Sunday, February 12, 2012

Not Entirely Untrue

Small Fry is at a very inquisitive age. Or rather, he has probably always been inquisitive, but his vocabulary has finally caught up to the point where he can really articulate all the many and various things he's been wondering about all this time. Most of the time his questions are pretty innocuous (What does 'hint' mean? Are jeans a kind of pants? What's the word for cars with no lid?) but sometimes... sometimes they're indescribably brutal. Q-bombs, if you will. And he's been dropping a lot of Q-bombs lately.

At first glance you might believe that giving Q its own bomb, à la A and F, is taking things a step too far.
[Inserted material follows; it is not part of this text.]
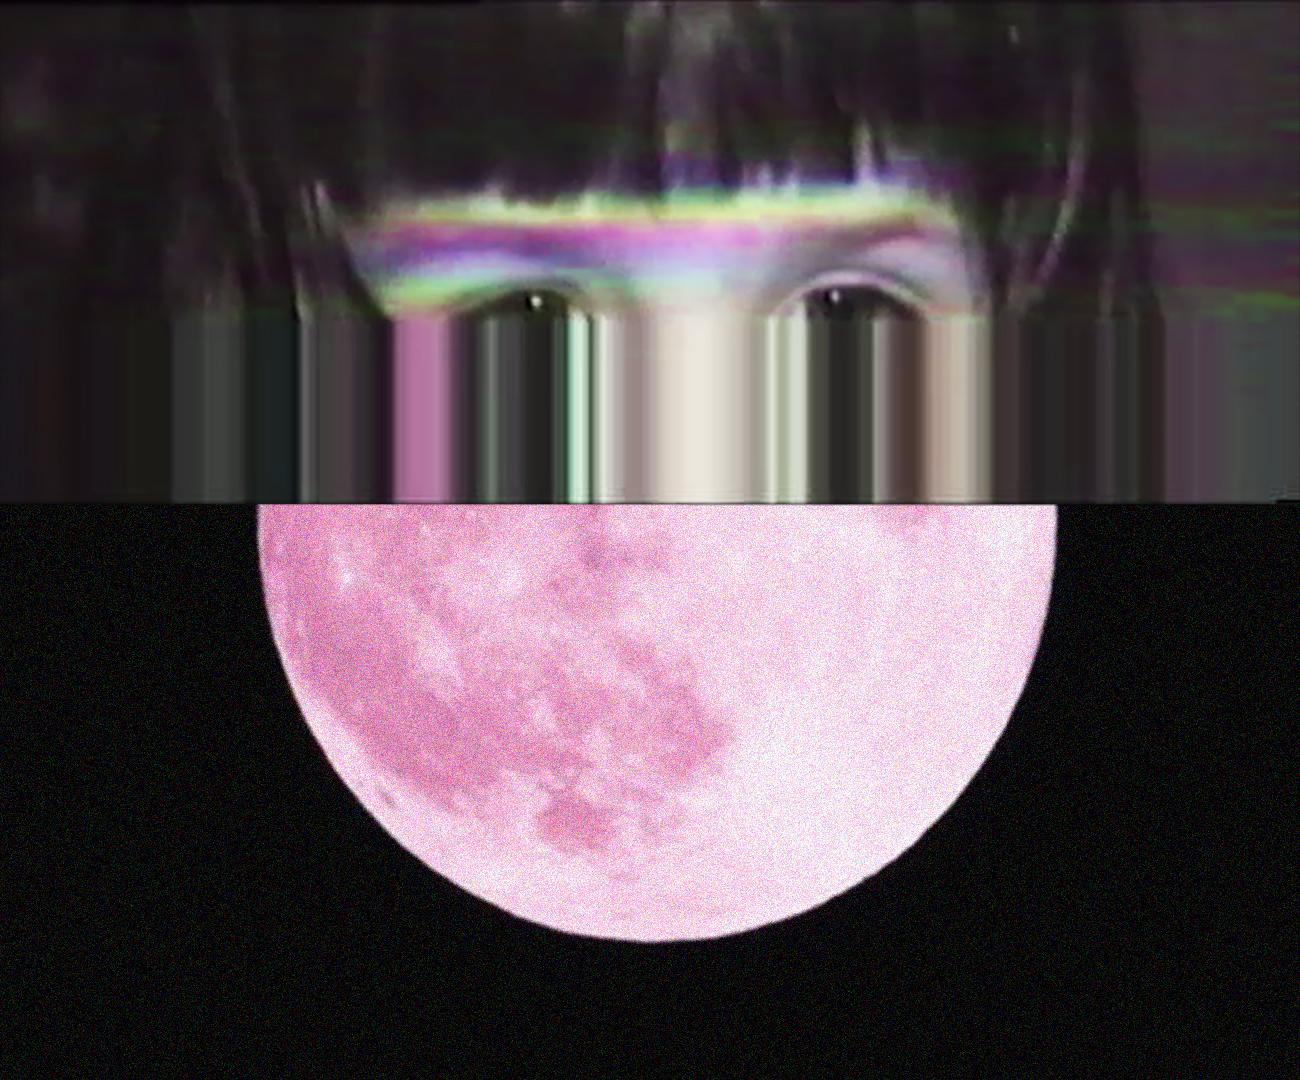 Dimitra Mitsaki, The Other Moon

I'm willing to give you the benefit of the doubt here - maybe you don't have kids yet, or maybe your kids are too little to have really convinced you of the awesome destructive power of the Q-bomb - but believe me, the devastation Small Fry has caused to my mental landscape is immense. I may never fully recover from the assault.

It doesn't help that his offensive program strategically targets vulnerabilities in the defenses:

Wednesday, January 18, 06:00 hours: Target appears groggy and uncaffeinated. Deploy Q-bomb.
"Mommy, what do I use my scrotum for?"

Thursday, January 19, 19:15 hours: Target arrears tired, grumpy and distracted. Deploy cluster Qs.
"Mommy, what is my belly button for?"
"When we were connected did I live in your chest or your abdomen?"
"How did I get out of you?"
"Why did you pee me out!?!"
"Oh. That's good. Ladies shouldn't pee on their babies. It's not nice." 

Monday, January 23, 18:55 hours: Target appears frazzled and overworked. Deploy Q-bomb. 
"Mommy, why is Grandpa dead?" 

Tuesday, January 31, 06:30 hours: Target appears groggy and uncaffeinated. Deploy Q-bomb.
"Mommy, you're very, very old. When will you die?"

Monday, February 6, 6:15am: Target appears exceedingly groggy and uncaffeinated. Deploy Q-bomb.
"Mommy, how do babies get in?"

Now, I have suffered through a lot of Q-bomb attacks from both my kids over the years, and I'm proud to say that I have done my best to cobble together what I felt was a biologically accurate, age- and comprehension-level-appropriate response in every case. That's not to say that the policy hasn't bitten me on the ass a good many times, but I've never backed down from the challenge.

However, that last Q-bomb of Small Fry's was a big one. If you've ever met a four-year-old boy, you'll have an acute awareness of their mastery of the shock/gross-out power of words - I can't even begin to fathom the havoc he could have wrought with that particular bit of mechanical knowledge on file. Plus, it occurred to me (too late!) that back when Medium Fry was four and dropping all manner of Q-bombs along similar lines, she never asked how babies got in. So Small Fry caught me not only uncaffeinated and groggy, but also completely unprepared. If I had known, I would have studied for the test.

As it was, I couldn't tell him. For the first and only time I completely bailed on a Q-bomb.

You know, life would be so much simpler if I could just refer the kids to the goings-on around the farm in response to their inquiries ("Like that, but with less mooing."), but such is the plight of city dwellers everywhere I suppose.

So with no farm animal shenanigans as a reference point, no educational reference materials on hand, and an unwillingness to invoke the stork, what did I tell him?

I told him that how babies get in is a *special surprise* for when he grows up.


  1. Hahaha... mine got the lesson with mine and Marnie's donkeys! Hehe--Cris

  2. Was randomly reading your blog today at work and stumbled into this old post. My 4-yr old is a master Q-bomber right now. Now I have a name for it. Quite excited to have this expanded vocabulary - thanks!